**What the exercise asks**
Give the entries back exactly as they stand, but without pictures.
"""
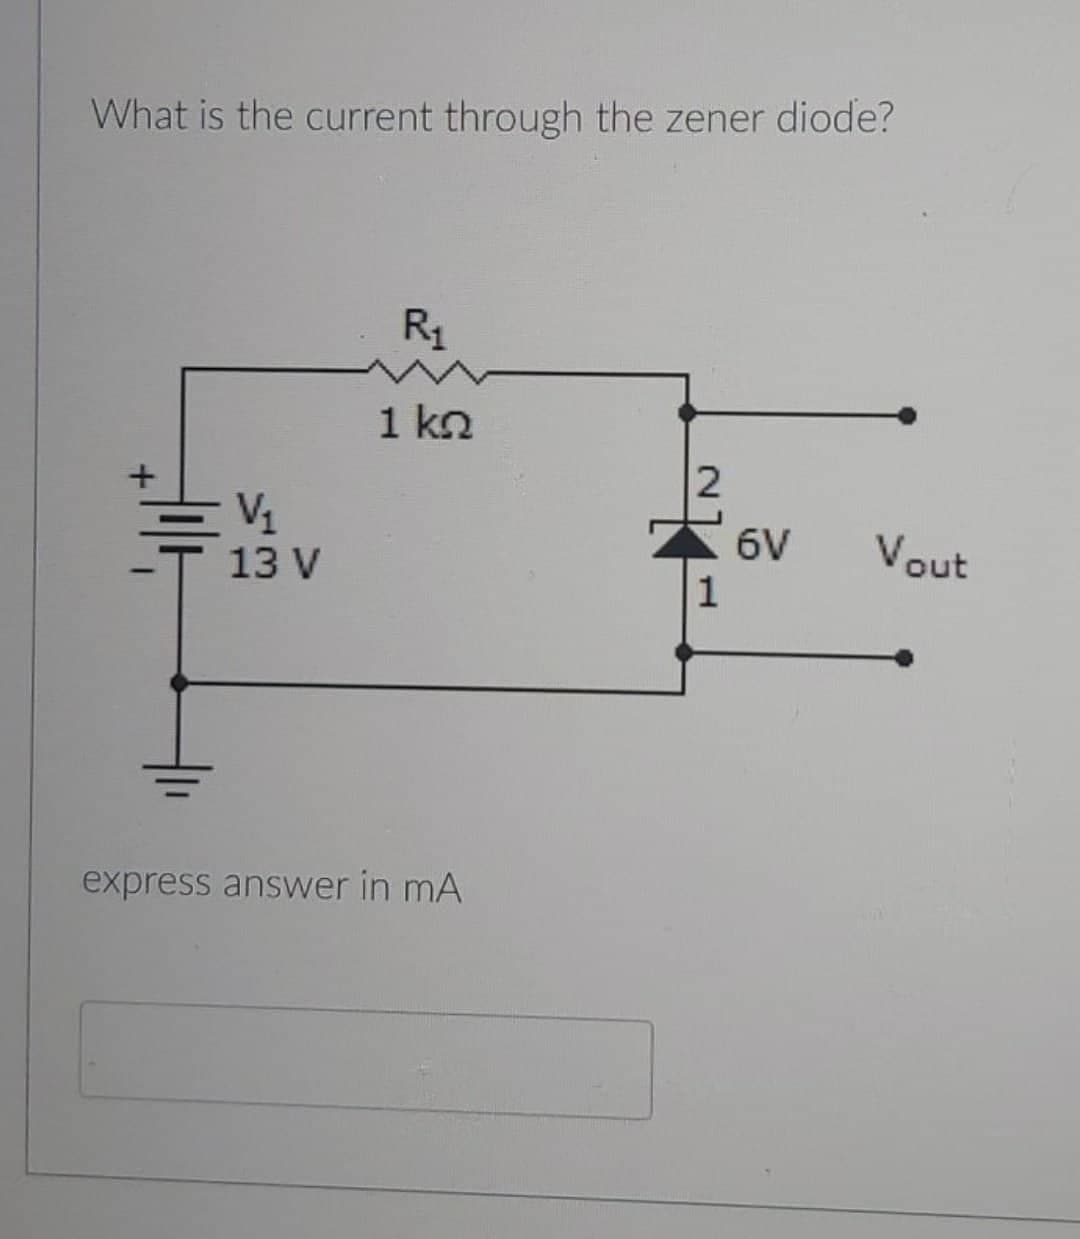 What is the current through the zener diode?
V₁
13 V
R₁
1 kn
express answer in mA
2
1
6V
Vout
"""
**Exercise result**
 What is the current through the zener diode?
V₁
13 V
R₁
1 kn
express answer in mA
2
1
6V
Vout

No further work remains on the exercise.